Torno a casa, scarico e le apro. Vengono fuori vecchi romanzi, libri della Shake, edizioni del Leoncavallo, della Castelvecchi, moleskine di appunti, moleskine di appunti solo politici, foto, locandine, la scaletta di un concerto della Banda Bassotti di chissà quando, una bellissima edizione delle “Mille e una notte”, inediti di Pino Cacucci, “Altai” dei Wu Ming che non pensavo di possedere.

Scatta il problema della classificazione. Vado per argomento, almeno per quel che riguarda il sociale e la politica. Vado per autore sulla narrativa, dividendola per nazionalità.

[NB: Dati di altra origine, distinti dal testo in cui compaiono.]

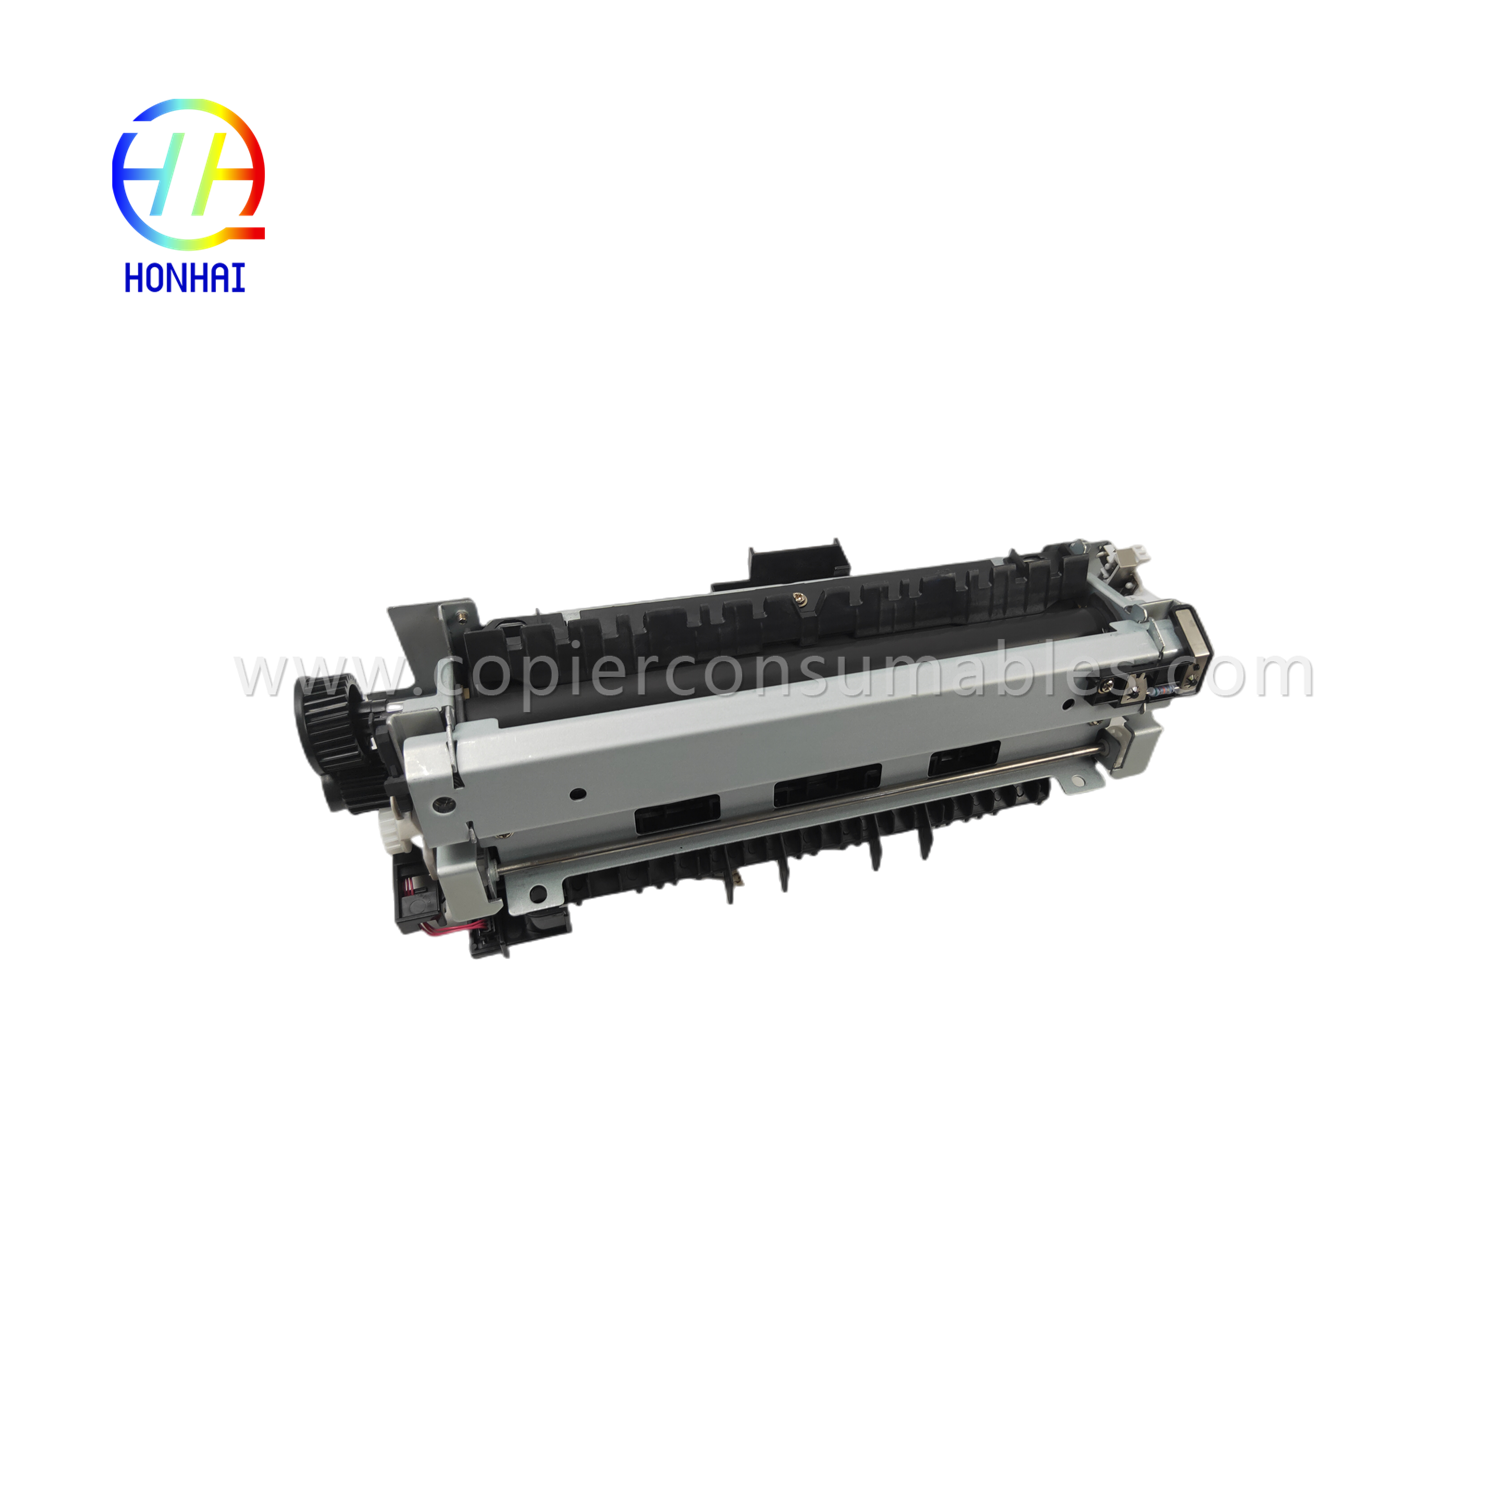 hp-521-525-m521-m525-rm1-8508-rm1-8508-000-fuser-unit-product/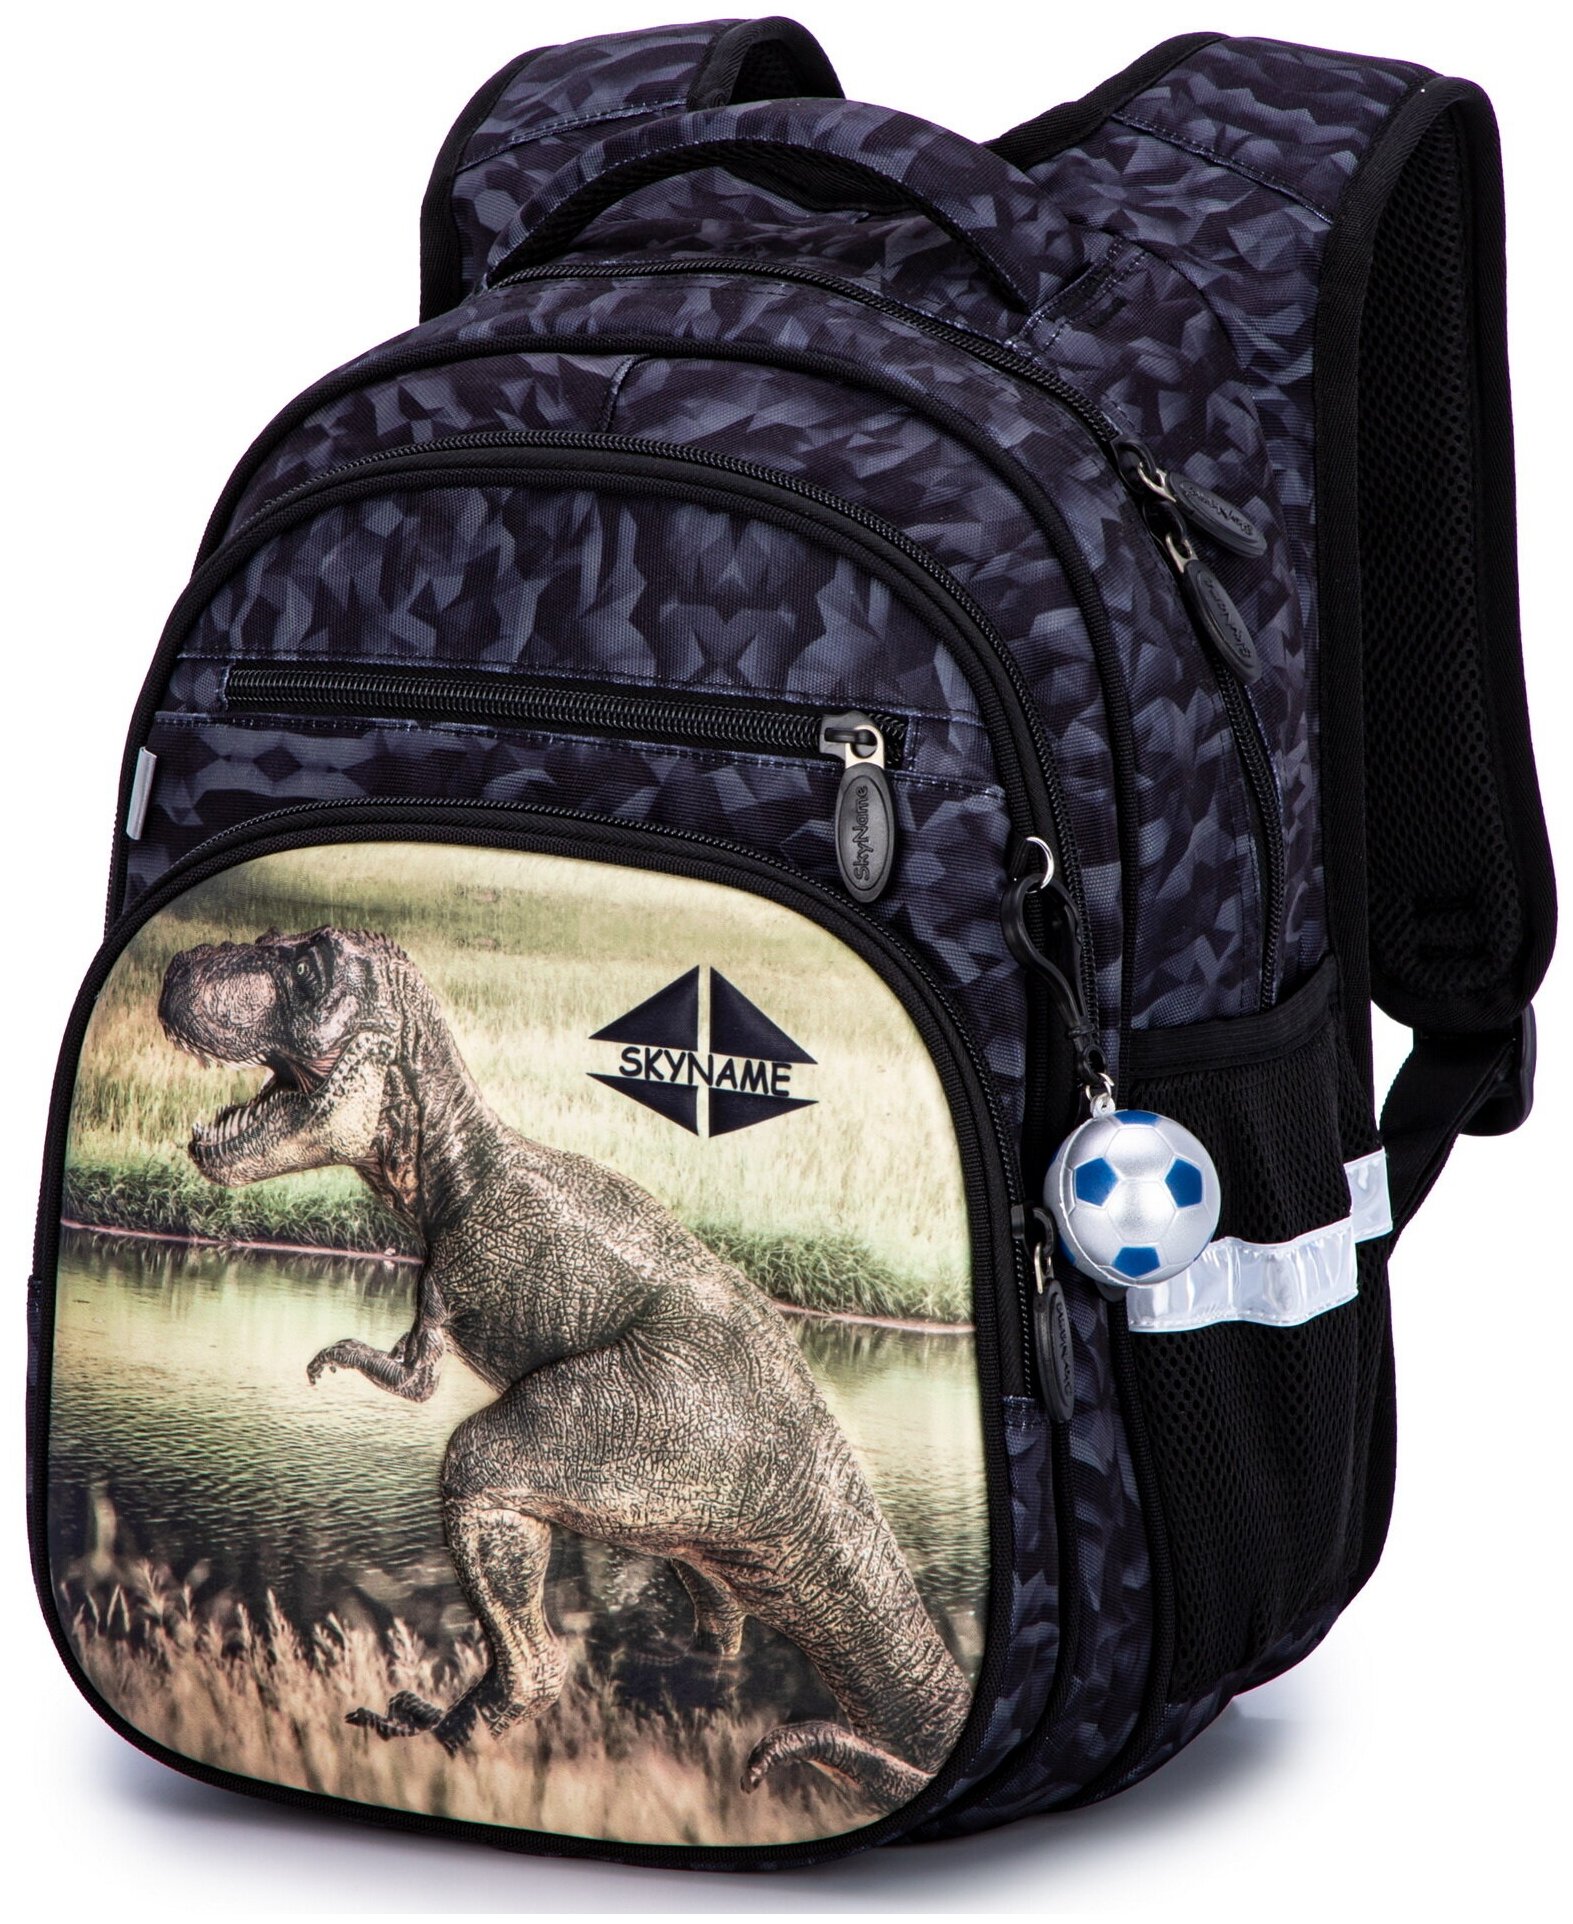 Рюкзак школьный для мальчика с анатомической спинкой для начальной школы, 17 л, SkyName (СкайНейм), + брелок мячик

Mi serve per ritrovarli, più che altro. La tentazione di sbattere tutto dentro e liberarmi delle carcasse degli scatoloni è forte. Però deve avere un senso. E poi, una volta sistemati alcuni “settori”, c’è quasi un equilibrio cromatico fra libri che parlano dello stesso argomento.

Ogni cosa ne richiama un altra, ci sono collegamenti fra tante cose, innumerevoli, a volte disorientanti per mole. Tenere tutto insieme è un bell’esercizio. Mi piace.

Ogni tanto sbricio Twitter. Mi trovo sempre peggio su questo – unico – social cui sono iscritto. Il problema è proprio il tweet, cioè a dire quei pochi caratteri da botta e risposta. E il botta e risposta regolarmente non fa centrare il fulcro del problema, fa prendere derive spesso nate da questioni personali, coacervo di domande retoriche fuori posto e fuori luogo. Pochi i link a contributi apprezzabili, poca intenzione di uscire da lì, da quel giro.

Ingenuamente forse, avevo pensato che proprio la brevità imposta da twitter, con i suoi vecchi 180 caratteri, imponesse di usarlo per andare altrove. Un luogo dove scambiarsi due opinioni due supportate però poi da link ad articoli, documenti e approfondimenti vari. Una occasione per trovarsi e prendere insieme altre strade, indicarne di nuove, magari costruire quelle necessarie. Invece non è esattamente così.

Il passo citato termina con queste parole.